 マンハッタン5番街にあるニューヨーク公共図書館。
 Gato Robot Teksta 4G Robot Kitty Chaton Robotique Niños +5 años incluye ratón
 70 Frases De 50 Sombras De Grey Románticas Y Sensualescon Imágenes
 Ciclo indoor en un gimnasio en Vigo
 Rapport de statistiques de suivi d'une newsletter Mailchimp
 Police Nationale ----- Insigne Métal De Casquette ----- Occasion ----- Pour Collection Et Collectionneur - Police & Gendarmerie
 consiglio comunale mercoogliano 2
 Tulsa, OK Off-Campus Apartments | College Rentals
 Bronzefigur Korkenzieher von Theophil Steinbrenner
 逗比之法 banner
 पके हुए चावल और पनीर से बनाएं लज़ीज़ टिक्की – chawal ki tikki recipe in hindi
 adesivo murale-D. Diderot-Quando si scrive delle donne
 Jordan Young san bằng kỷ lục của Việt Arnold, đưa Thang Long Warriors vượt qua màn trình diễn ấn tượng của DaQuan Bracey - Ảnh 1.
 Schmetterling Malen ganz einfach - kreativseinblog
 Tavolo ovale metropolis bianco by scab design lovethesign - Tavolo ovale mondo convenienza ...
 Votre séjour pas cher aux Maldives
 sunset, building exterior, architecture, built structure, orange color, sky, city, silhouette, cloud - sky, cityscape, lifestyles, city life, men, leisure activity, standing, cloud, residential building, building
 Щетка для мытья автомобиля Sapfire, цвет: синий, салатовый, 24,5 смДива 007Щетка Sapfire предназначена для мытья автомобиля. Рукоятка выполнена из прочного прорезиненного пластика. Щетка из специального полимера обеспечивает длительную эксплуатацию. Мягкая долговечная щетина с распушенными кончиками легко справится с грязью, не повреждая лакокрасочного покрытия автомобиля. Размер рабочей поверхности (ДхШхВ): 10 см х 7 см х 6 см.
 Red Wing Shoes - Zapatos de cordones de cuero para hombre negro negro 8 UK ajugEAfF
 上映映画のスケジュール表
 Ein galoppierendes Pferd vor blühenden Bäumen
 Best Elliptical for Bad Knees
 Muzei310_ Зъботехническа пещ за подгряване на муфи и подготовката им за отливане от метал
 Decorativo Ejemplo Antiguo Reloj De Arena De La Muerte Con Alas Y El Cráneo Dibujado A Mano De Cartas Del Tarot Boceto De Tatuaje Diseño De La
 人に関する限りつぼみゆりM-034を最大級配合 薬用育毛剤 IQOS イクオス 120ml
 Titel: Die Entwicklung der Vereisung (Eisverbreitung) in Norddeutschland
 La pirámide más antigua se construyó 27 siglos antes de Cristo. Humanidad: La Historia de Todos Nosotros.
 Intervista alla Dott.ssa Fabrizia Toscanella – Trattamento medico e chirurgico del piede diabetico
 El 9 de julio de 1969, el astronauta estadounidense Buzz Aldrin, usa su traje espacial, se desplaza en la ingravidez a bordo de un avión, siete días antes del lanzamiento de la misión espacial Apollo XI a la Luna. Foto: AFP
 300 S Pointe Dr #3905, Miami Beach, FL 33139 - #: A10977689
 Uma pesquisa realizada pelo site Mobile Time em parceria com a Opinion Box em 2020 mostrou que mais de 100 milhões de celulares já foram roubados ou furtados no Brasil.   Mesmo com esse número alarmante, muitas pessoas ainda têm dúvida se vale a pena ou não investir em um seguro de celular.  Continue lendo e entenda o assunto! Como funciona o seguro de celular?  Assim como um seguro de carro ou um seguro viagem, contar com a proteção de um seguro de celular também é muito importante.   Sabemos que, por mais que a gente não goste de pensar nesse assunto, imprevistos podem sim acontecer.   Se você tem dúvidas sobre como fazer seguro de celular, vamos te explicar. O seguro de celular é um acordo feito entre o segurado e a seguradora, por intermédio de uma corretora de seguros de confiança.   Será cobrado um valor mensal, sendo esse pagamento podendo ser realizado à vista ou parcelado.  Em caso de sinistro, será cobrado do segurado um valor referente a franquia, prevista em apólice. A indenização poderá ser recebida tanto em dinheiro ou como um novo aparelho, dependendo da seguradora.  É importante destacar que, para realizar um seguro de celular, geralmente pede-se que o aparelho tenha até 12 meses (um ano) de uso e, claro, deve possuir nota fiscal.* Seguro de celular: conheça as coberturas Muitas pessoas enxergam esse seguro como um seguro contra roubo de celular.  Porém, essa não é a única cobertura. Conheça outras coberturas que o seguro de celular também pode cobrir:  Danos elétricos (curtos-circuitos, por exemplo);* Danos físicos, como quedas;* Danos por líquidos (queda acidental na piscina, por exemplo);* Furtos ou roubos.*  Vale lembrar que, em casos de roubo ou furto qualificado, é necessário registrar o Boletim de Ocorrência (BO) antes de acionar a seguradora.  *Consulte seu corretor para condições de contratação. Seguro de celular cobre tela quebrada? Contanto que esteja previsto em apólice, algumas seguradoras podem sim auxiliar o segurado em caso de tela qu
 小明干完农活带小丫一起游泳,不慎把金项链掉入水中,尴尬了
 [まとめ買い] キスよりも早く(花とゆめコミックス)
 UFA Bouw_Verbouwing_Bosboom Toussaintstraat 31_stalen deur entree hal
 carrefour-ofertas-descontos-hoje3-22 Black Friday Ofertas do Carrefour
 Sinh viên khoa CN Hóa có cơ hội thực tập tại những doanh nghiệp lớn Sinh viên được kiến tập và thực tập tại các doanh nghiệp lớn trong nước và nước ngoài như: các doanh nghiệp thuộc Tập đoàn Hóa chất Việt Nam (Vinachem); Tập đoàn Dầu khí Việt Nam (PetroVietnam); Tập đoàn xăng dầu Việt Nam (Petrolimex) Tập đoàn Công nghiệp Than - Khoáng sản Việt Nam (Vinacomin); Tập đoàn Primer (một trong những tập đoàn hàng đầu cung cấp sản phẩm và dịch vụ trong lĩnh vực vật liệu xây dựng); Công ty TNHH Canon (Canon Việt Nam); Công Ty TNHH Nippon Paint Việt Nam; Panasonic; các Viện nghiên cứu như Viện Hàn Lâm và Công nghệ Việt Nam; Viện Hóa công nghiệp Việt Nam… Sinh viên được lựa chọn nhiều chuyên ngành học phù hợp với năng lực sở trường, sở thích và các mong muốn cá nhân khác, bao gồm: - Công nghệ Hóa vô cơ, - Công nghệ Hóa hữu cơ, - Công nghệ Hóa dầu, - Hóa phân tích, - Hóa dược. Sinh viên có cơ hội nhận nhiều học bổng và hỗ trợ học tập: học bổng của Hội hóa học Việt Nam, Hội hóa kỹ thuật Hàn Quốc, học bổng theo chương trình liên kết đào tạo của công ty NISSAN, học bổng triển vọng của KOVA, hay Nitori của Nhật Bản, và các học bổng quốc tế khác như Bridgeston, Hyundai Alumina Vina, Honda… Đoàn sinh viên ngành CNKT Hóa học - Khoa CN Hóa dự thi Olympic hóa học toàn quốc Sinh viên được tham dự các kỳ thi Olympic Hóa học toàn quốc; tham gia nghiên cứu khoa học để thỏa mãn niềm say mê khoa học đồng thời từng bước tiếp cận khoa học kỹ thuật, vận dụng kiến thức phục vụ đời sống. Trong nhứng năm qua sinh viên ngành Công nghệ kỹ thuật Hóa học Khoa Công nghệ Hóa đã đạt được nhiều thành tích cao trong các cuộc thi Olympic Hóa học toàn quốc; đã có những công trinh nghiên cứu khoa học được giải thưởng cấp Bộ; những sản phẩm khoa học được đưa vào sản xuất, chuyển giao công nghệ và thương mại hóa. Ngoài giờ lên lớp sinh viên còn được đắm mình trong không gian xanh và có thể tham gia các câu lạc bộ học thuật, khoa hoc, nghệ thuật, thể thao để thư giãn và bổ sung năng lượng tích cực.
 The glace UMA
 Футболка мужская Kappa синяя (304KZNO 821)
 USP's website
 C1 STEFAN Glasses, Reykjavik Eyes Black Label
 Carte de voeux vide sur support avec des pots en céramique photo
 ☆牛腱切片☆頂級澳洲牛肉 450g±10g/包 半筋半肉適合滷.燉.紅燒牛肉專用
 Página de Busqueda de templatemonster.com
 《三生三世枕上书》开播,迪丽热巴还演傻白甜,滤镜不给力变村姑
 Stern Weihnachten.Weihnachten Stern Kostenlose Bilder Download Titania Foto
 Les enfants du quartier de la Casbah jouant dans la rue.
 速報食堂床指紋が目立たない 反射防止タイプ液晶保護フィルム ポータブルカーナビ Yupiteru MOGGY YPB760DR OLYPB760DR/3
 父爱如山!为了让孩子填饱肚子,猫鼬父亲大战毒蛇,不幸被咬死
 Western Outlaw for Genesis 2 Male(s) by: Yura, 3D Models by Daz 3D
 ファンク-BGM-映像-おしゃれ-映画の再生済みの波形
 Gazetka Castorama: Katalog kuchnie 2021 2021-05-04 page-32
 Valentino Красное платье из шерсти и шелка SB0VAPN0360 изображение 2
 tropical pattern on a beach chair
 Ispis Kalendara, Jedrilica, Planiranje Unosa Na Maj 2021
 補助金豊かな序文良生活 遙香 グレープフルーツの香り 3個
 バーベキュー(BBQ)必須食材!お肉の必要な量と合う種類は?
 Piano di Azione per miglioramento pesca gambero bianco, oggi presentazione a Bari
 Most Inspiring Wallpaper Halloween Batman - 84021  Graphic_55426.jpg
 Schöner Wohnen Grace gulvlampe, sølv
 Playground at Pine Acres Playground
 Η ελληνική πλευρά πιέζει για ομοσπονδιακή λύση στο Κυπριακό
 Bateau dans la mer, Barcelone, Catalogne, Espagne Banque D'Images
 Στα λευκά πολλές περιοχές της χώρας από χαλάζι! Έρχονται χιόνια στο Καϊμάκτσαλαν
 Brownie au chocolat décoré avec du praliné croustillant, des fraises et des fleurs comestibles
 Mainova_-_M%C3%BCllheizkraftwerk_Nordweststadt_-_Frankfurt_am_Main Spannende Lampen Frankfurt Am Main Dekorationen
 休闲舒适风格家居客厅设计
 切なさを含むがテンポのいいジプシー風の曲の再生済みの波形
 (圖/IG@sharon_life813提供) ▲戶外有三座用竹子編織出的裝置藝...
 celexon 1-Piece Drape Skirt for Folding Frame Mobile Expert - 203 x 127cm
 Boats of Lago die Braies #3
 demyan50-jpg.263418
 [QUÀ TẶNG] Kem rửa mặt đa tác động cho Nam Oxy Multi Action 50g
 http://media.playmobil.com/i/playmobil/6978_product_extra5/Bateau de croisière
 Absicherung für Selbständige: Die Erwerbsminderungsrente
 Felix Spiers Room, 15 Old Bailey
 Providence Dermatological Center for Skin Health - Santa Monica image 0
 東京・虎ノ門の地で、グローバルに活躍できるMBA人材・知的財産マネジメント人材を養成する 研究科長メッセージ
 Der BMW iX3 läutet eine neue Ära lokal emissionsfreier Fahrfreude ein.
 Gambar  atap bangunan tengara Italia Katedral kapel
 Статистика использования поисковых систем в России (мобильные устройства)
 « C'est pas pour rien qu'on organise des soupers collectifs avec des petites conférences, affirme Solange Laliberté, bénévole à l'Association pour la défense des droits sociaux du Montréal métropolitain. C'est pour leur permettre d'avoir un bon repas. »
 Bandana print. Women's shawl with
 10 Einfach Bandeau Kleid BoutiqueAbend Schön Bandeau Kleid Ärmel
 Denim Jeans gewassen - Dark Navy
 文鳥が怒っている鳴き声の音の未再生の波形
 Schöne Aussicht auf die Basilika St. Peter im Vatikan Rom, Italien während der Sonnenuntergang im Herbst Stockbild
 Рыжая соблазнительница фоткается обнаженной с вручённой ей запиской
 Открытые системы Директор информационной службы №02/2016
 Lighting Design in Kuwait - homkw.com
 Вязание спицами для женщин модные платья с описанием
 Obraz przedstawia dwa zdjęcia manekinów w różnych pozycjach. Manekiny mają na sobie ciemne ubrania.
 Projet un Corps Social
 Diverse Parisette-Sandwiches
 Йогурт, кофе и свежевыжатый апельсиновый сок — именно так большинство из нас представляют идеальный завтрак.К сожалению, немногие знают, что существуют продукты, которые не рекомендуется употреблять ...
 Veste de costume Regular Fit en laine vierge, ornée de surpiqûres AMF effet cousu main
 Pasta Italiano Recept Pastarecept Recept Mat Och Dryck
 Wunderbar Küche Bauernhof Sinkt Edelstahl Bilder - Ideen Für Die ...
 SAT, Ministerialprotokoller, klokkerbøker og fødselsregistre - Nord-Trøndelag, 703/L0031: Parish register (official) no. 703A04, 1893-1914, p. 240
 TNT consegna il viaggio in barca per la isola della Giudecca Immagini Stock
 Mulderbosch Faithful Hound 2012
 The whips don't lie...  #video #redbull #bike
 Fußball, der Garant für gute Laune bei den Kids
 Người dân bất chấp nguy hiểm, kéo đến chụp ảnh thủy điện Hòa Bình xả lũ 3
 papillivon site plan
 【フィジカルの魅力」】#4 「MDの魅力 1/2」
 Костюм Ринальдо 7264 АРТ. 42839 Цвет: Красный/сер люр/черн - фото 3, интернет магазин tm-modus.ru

——

| Aim of the exercise |
Would you please reproduce the records above exactly, only from their first line through the line holding "Decorativo Ejemplo Antiguo", with both ends included?

| Output below |
 マンハッタン5番街にあるニューヨーク公共図書館。
 Gato Robot Teksta 4G Robot Kitty Chaton Robotique Niños +5 años incluye ratón
 70 Frases De 50 Sombras De Grey Románticas Y Sensualescon Imágenes
 Ciclo indoor en un gimnasio en Vigo
 Rapport de statistiques de suivi d'une newsletter Mailchimp
 Police Nationale ----- Insigne Métal De Casquette ----- Occasion ----- Pour Collection Et Collectionneur - Police & Gendarmerie
 consiglio comunale mercoogliano 2
 Tulsa, OK Off-Campus Apartments | College Rentals
 Bronzefigur Korkenzieher von Theophil Steinbrenner
 逗比之法 banner
 पके हुए चावल और पनीर से बनाएं लज़ीज़ टिक्की – chawal ki tikki recipe in hindi
 adesivo murale-D. Diderot-Quando si scrive delle donne
 Jordan Young san bằng kỷ lục của Việt Arnold, đưa Thang Long Warriors vượt qua màn trình diễn ấn tượng của DaQuan Bracey - Ảnh 1.
 Schmetterling Malen ganz einfach - kreativseinblog
 Tavolo ovale metropolis bianco by scab design lovethesign - Tavolo ovale mondo convenienza ...
 Votre séjour pas cher aux Maldives
 sunset, building exterior, architecture, built structure, orange color, sky, city, silhouette, cloud - sky, cityscape, lifestyles, city life, men, leisure activity, standing, cloud, residential building, building
 Щетка для мытья автомобиля Sapfire, цвет: синий, салатовый, 24,5 смДива 007Щетка Sapfire предназначена для мытья автомобиля. Рукоятка выполнена из прочного прорезиненного пластика. Щетка из специального полимера обеспечивает длительную эксплуатацию. Мягкая долговечная щетина с распушенными кончиками легко справится с грязью, не повреждая лакокрасочного покрытия автомобиля. Размер рабочей поверхности (ДхШхВ): 10 см х 7 см х 6 см.
 Red Wing Shoes - Zapatos de cordones de cuero para hombre negro negro 8 UK ajugEAfF
 上映映画のスケジュール表
 Ein galoppierendes Pferd vor blühenden Bäumen
 Best Elliptical for Bad Knees
 Muzei310_ Зъботехническа пещ за подгряване на муфи и подготовката им за отливане от метал
 Decorativo Ejemplo Antiguo Reloj De Arena De La Muerte Con Alas Y El Cráneo Dibujado A Mano De Cartas Del Tarot Boceto De Tatuaje Diseño De La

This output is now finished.